Required work: Without including any pictures, copy every line below exactly.

Data block:

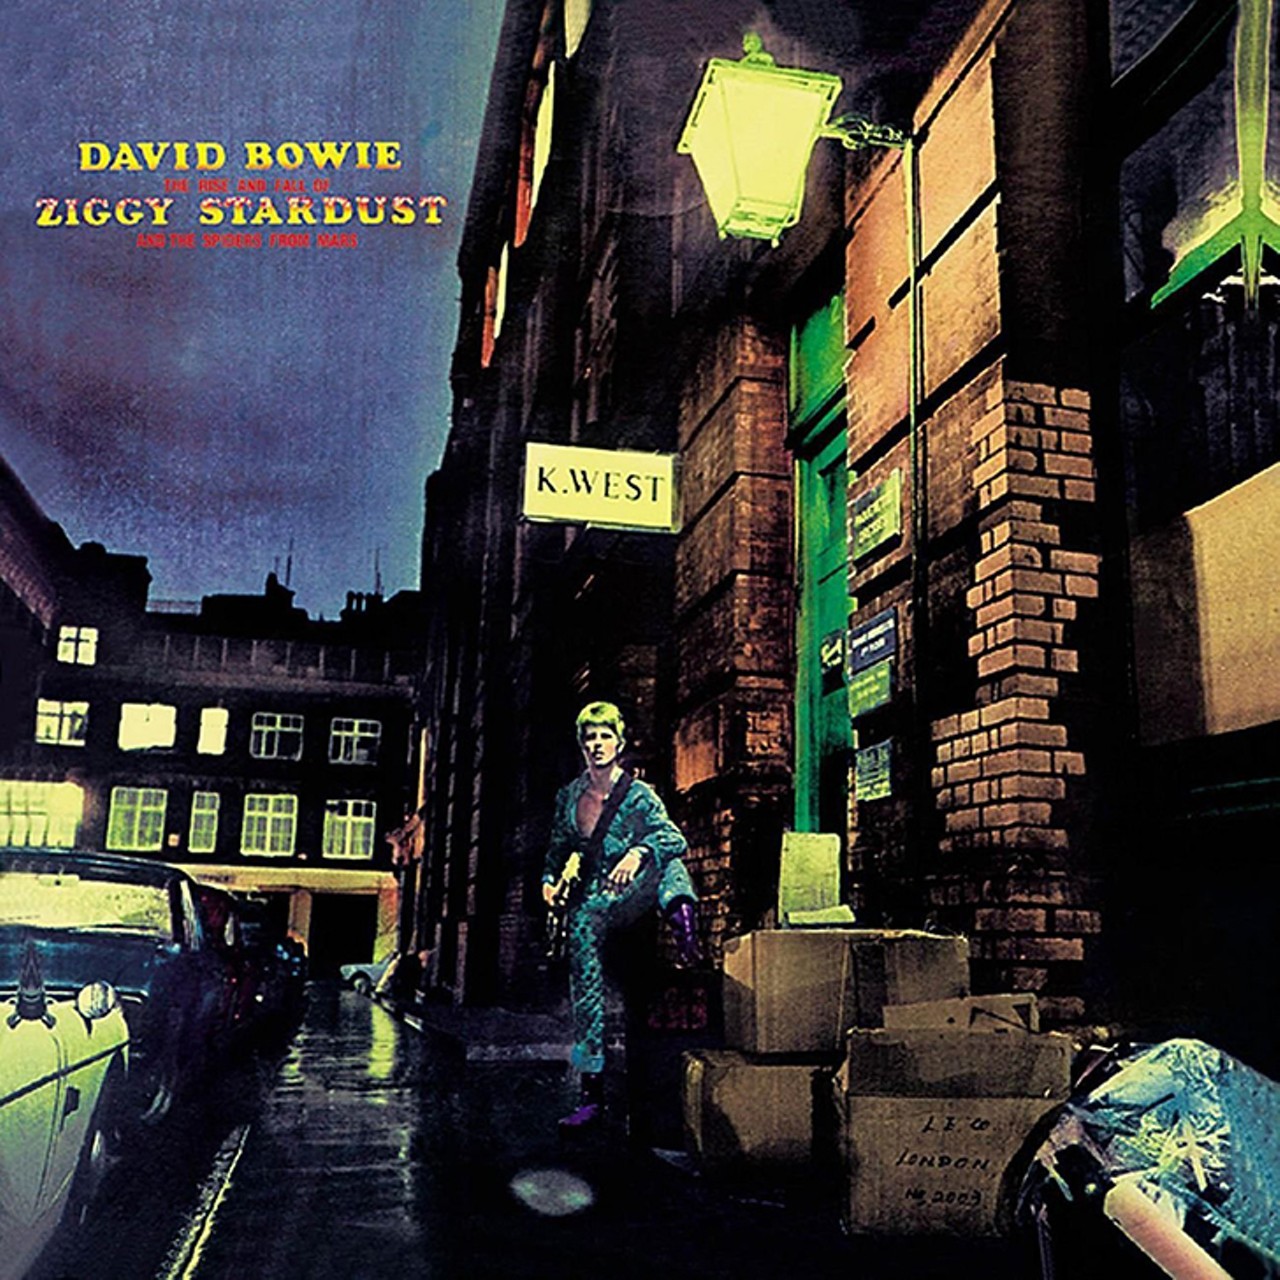 Friday, May 6Classic Albums Live: David Bowie's The Rise and Fall of Ziggy Stardust and the Spiders From Mars at Hard Rock Live
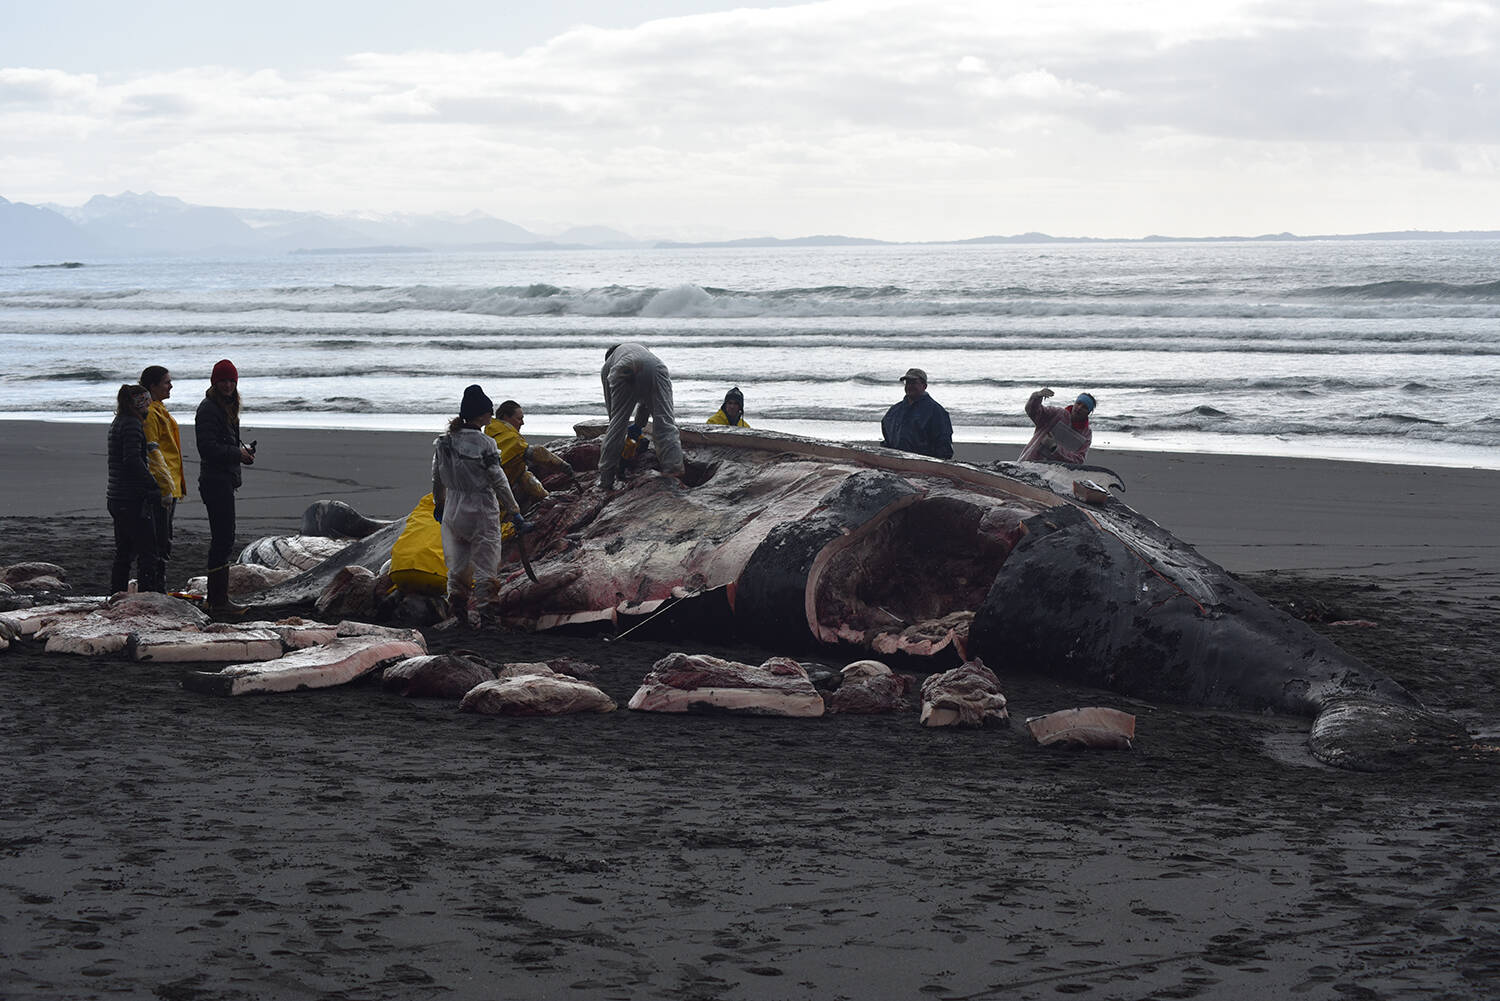 Coutesy photo / Alaska Marine Mammal Stranding Network
Volunteers with the Alaska Marine Mammal Stranding Network take samples from a beached humpback whale on Kuzof Island on Thursday, March 18, 2021.

Final answer:
 Friday, May 6Classic Albums Live: David Bowie's The Rise and Fall of Ziggy Stardust and the Spiders From Mars at Hard Rock Live
 Coutesy photo / Alaska Marine Mammal Stranding Network
Volunteers with the Alaska Marine Mammal Stranding Network take samples from a beached humpback whale on Kuzof Island on Thursday, March 18, 2021.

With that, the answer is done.